UH Student Government Association needs more democracy

Juana Garcia/The Cougar

The first Student Government Association meeting of the fall semester brought new appointments, including the first Black woman to be a SGA Supreme Court justice.

After previously voted against, Mya Little returned for a second chance of being appointed as an associate justice on the SGA Supreme Court. After running through her credentials, Little stated how she believes they could positively impact her potential appointment.

“I am not only unbiased, but I am compassionate, kind and blessed beyond measures to serve all students here on University of Houston campus,” Little said.

Also up for a senate appointment was Ignacio Mendiola, who was not confirmed.

While all three candidates for the Student Fee Advisory Committee were appointed, Zach Schroeder’s confirmation wasn’t without discourse. While the Senate originally held 11 votes for Schroeder and 13 against, a shocking turn of events occurred after the first vote was cast.

Despite Schroeder being denied his appointment, it was later revealed that Senator Jacob Thomas was not acknowledged throughout the meeting.

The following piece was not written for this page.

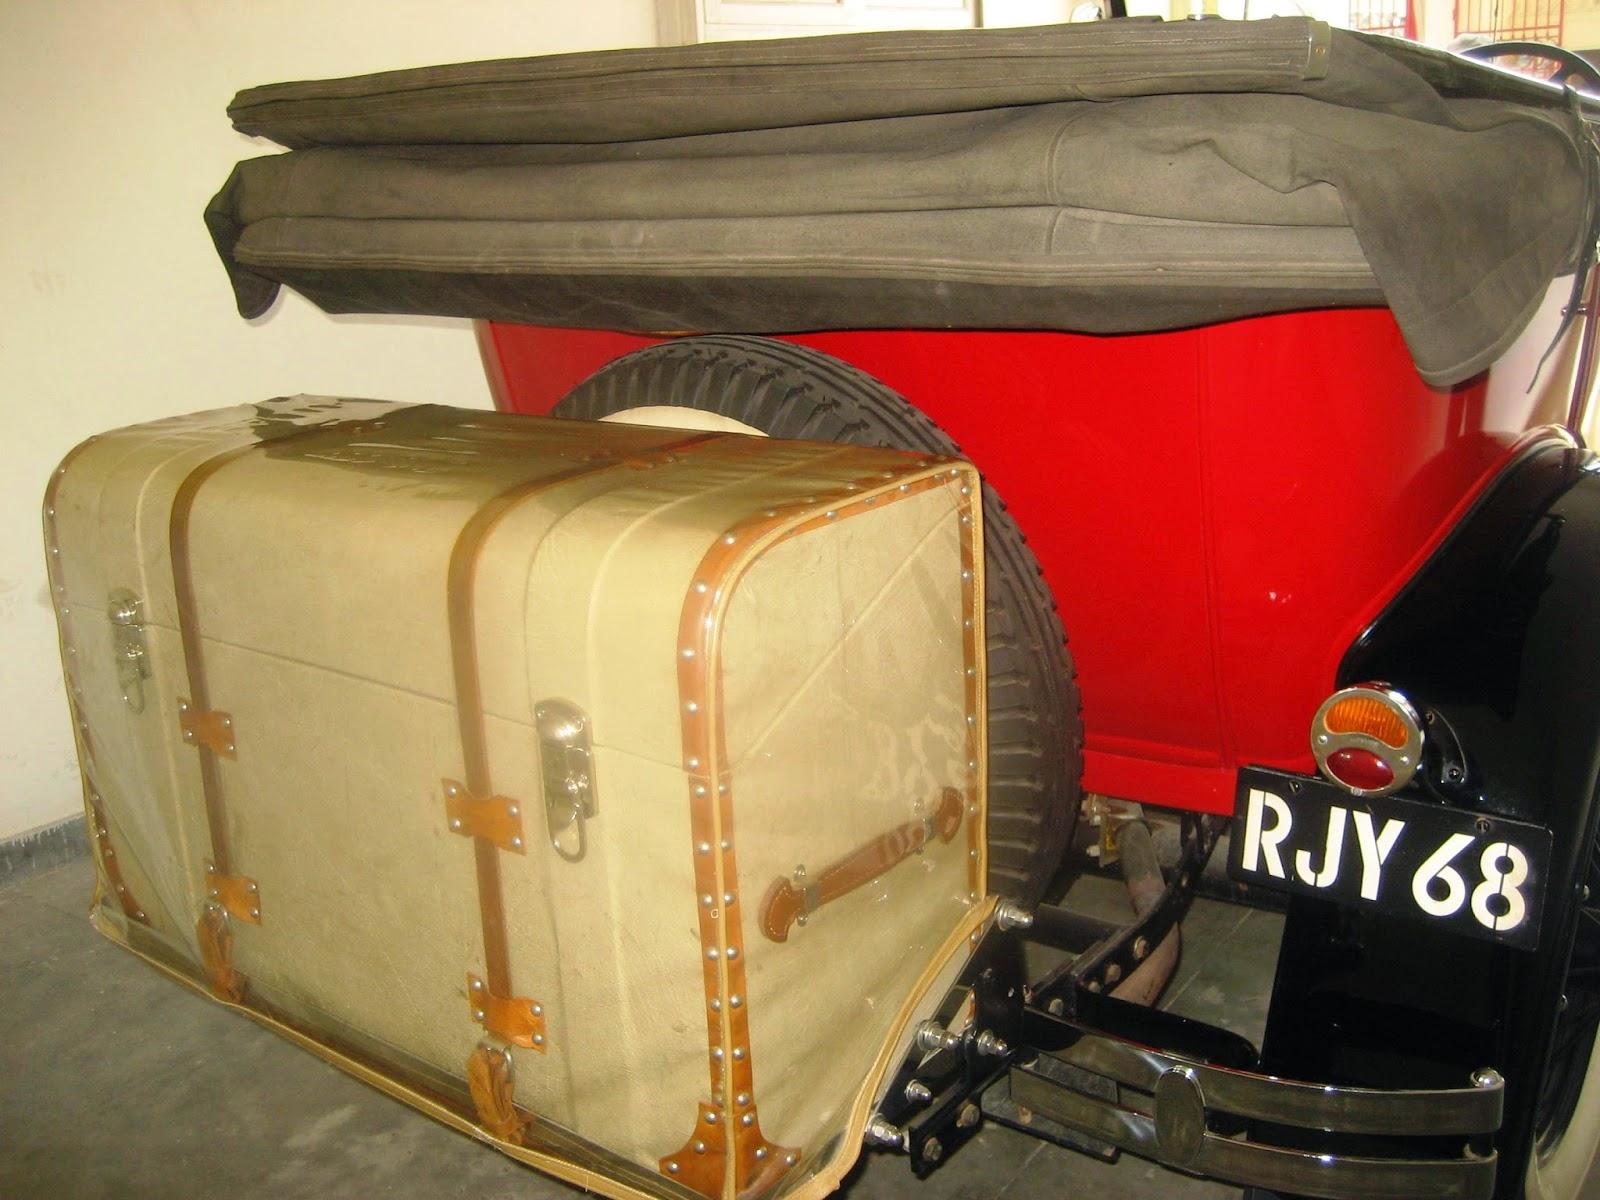 triumph rajasthan royals bag

Upon this realization, Thomas cast his vote in favor of Schroeder, along with a proxy vote, also in favor of him.

These new votes caused a tie, allowing the Speaker of the Senate Aryana Azizi to cast the deciding vote, bringing Schroeder in as the newest SFAC member.

“I don’t know the entire process yet, but I can tell you that with my goals and my perception of everything, I can make it happen,” Schroeder said. “Do the best and fight for every student organization here.”

After a recent partnership with Favor, a company aiming to provide easy and affordable birth control, senior director of strategic partnerships Sarah Sommers gave a short presentation on the benefits of the program.

“We want to help students get prescribed birth control online and for free, so they can bypass those barriers that prevent them from accessing the contraception they need,” Sommers said.